ABOUT THIS EXERCISE ▸
Start at the first line below and write out everything verbatim except the pictures.

COLLECTED MATERIAL ▸
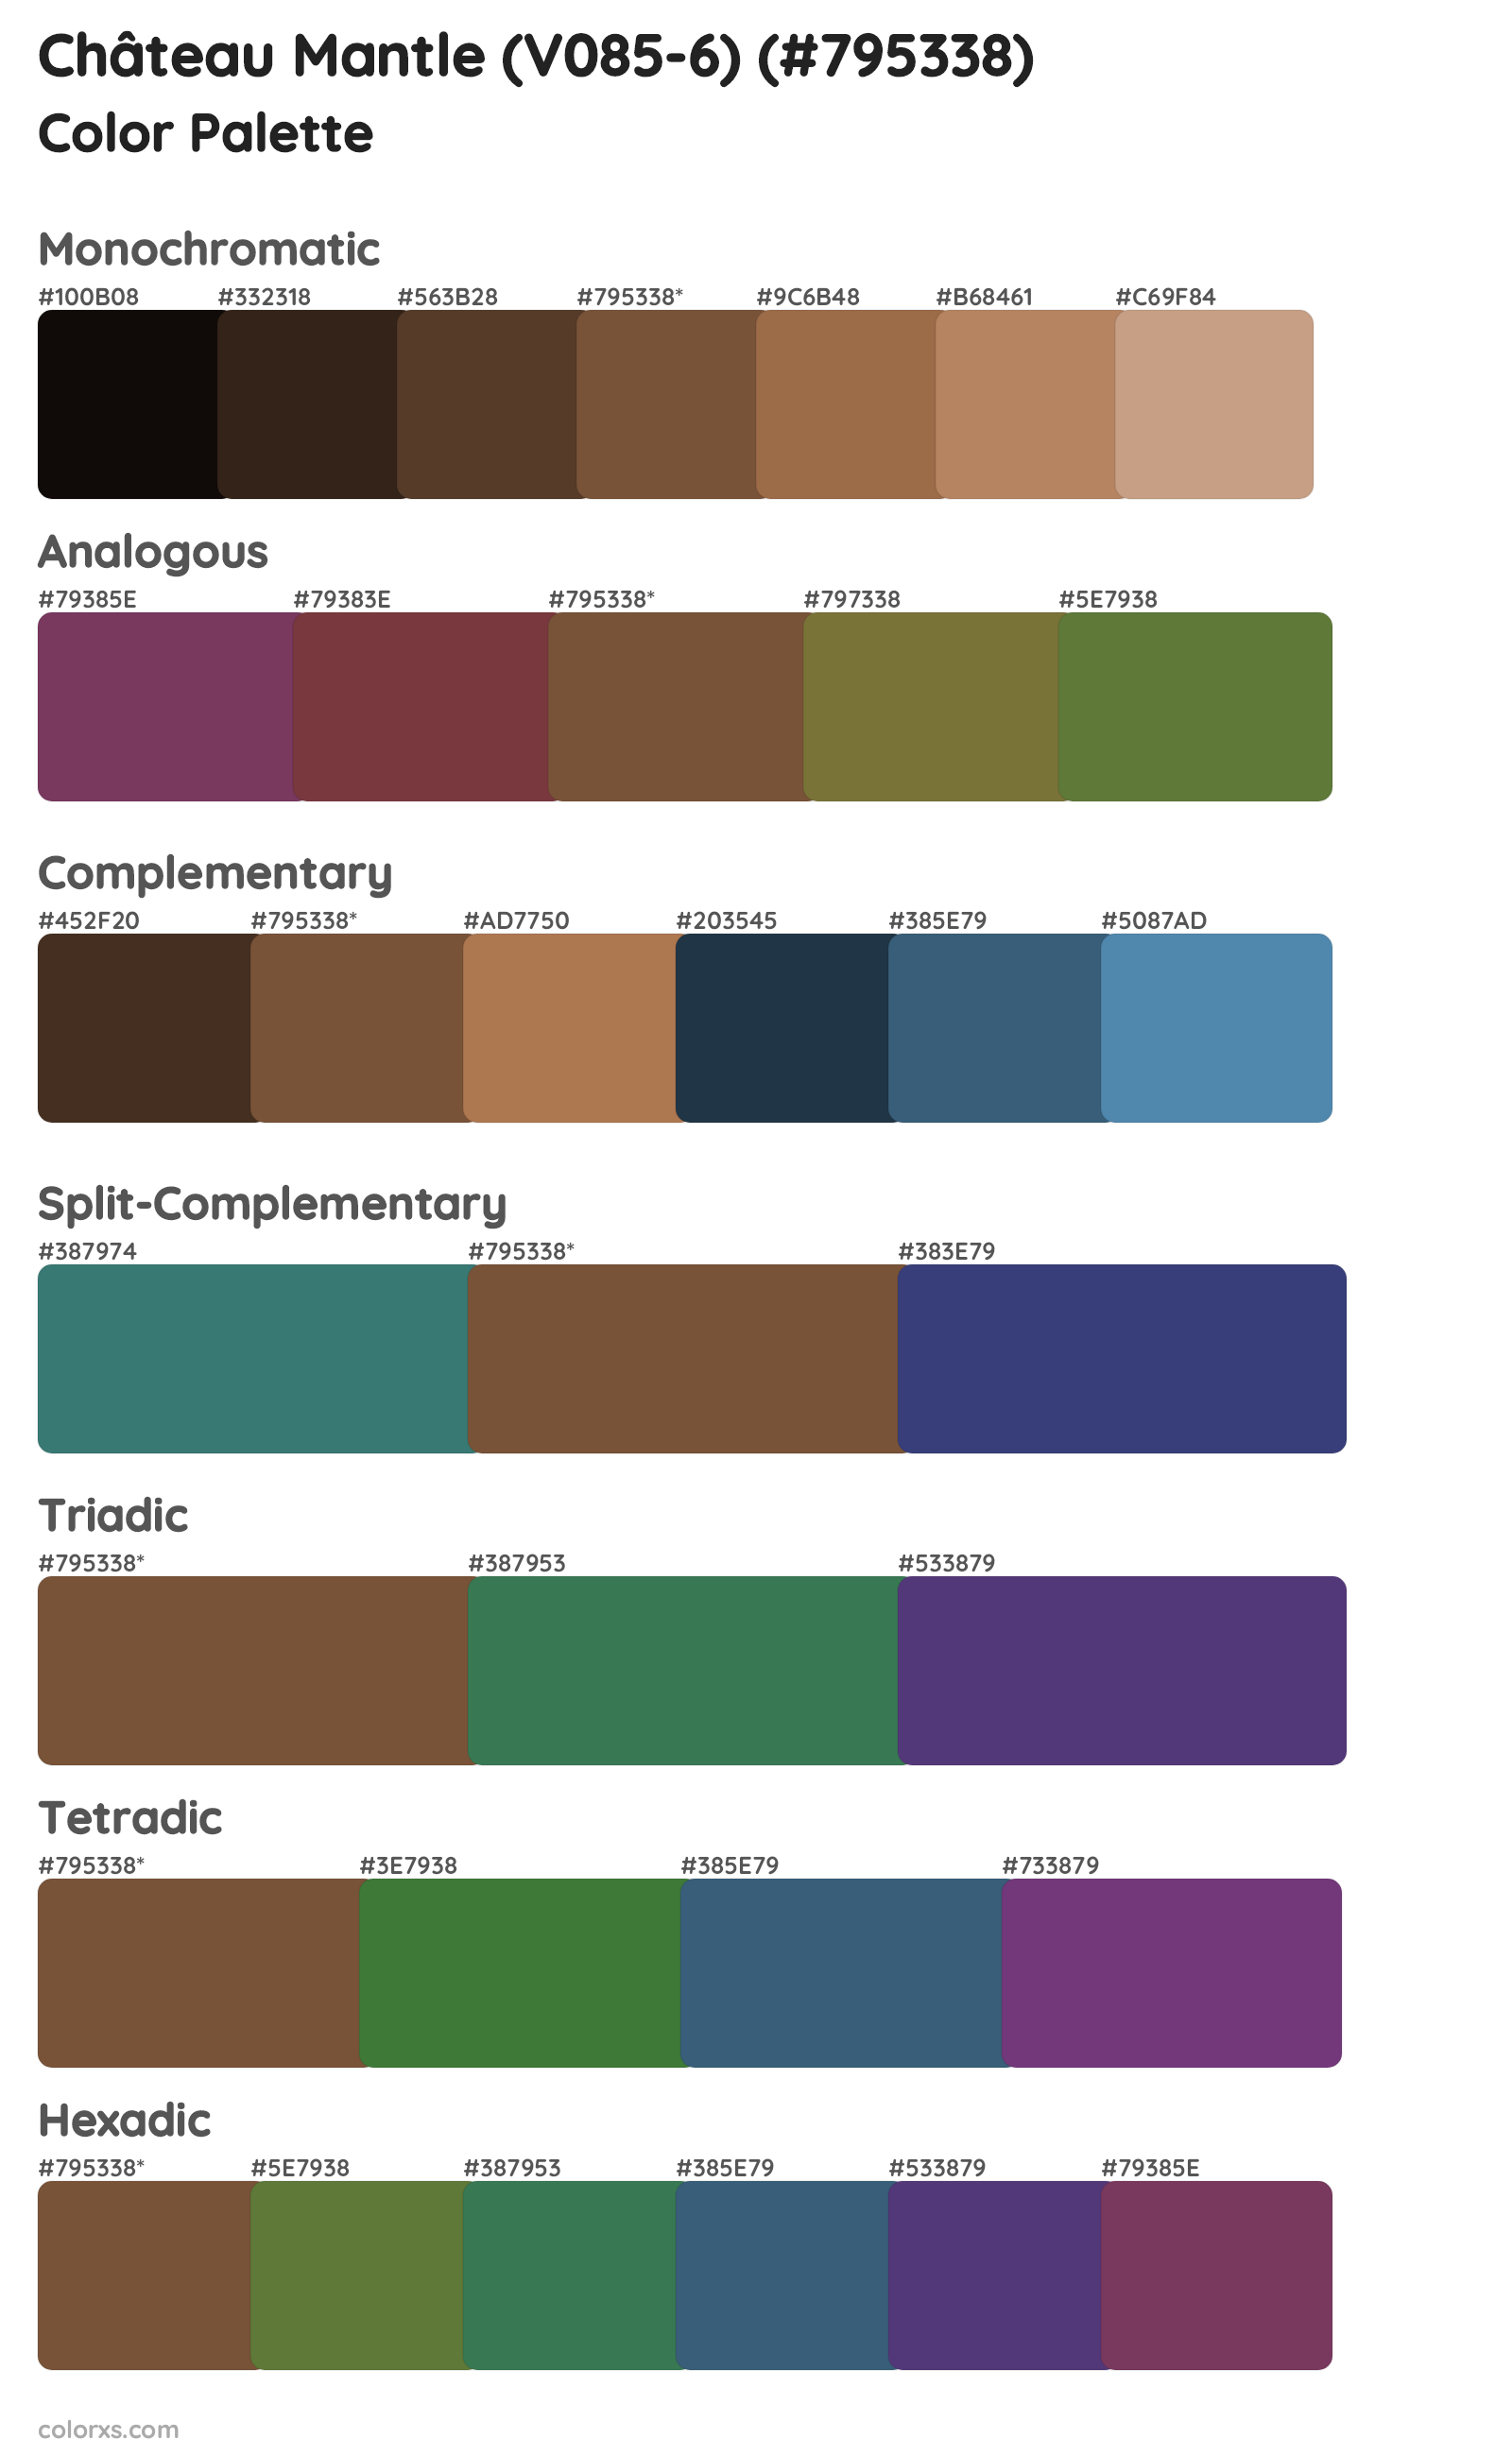 Château Mantle (V085-6) Color Scheme Palettes
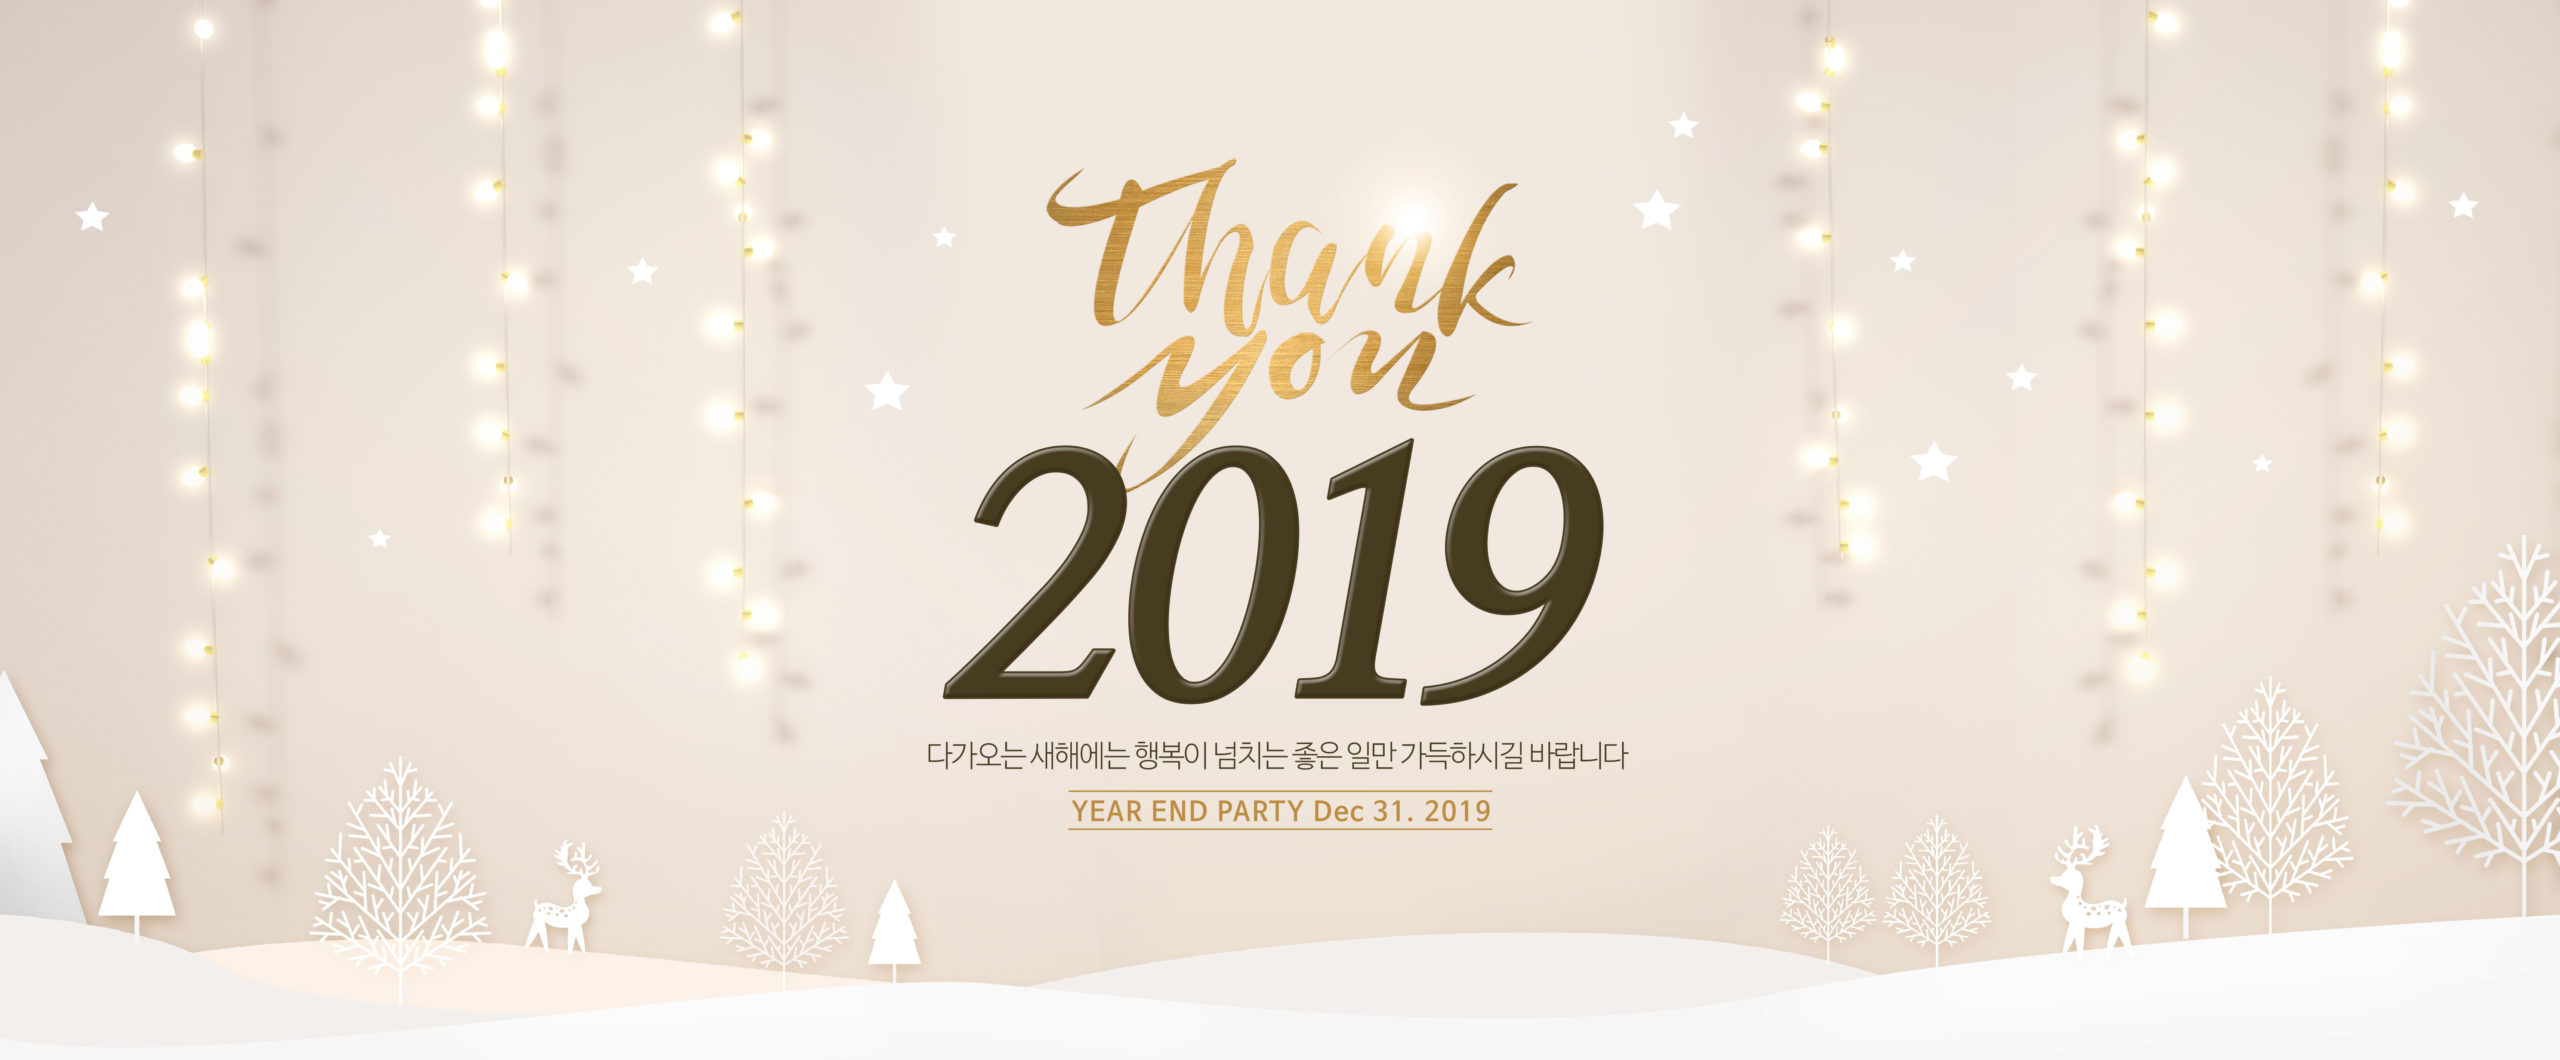 2019跨年派对庆祝活动宣传Banner设计模板插图
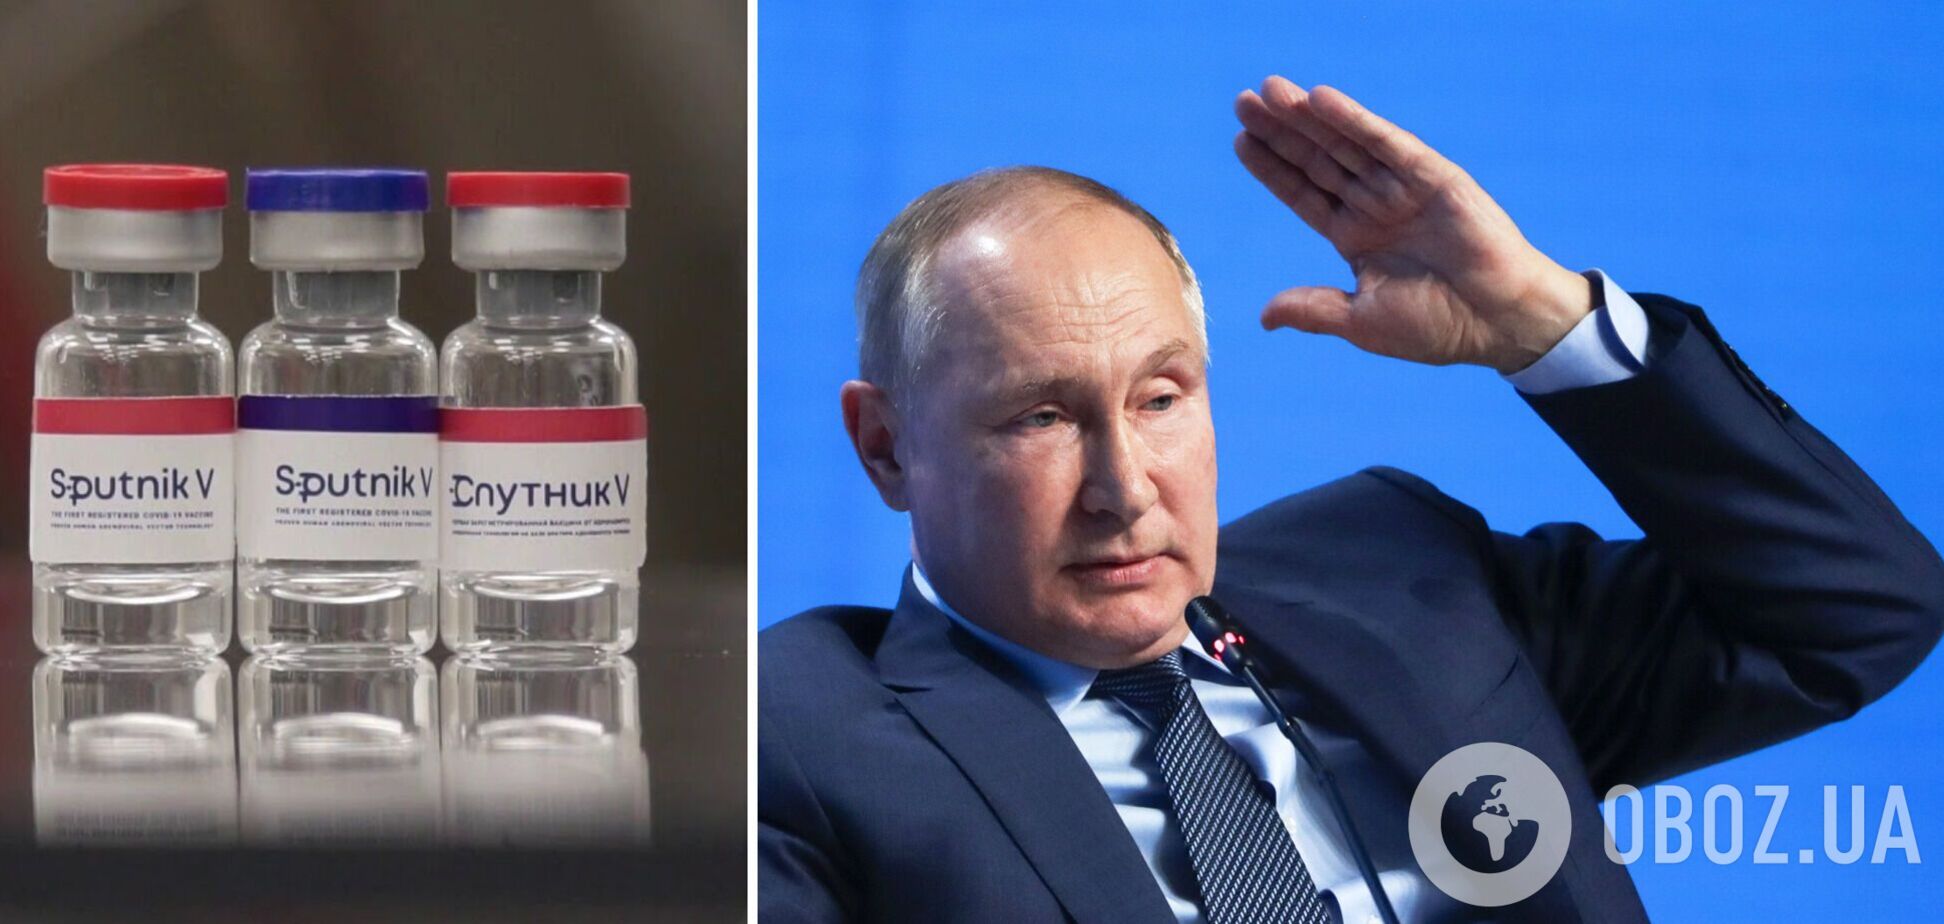 Путин вызвался в добровольцы на испытаниях назальной вакцины 'Спутник V'

PROBLEM SOLUTION ▸
 Château Mantle (V085-6) Color Scheme Palettes
 2019跨年派对庆祝活动宣传Banner设计模板插图
 Путин вызвался в добровольцы на испытаниях назальной вакцины 'Спутник V'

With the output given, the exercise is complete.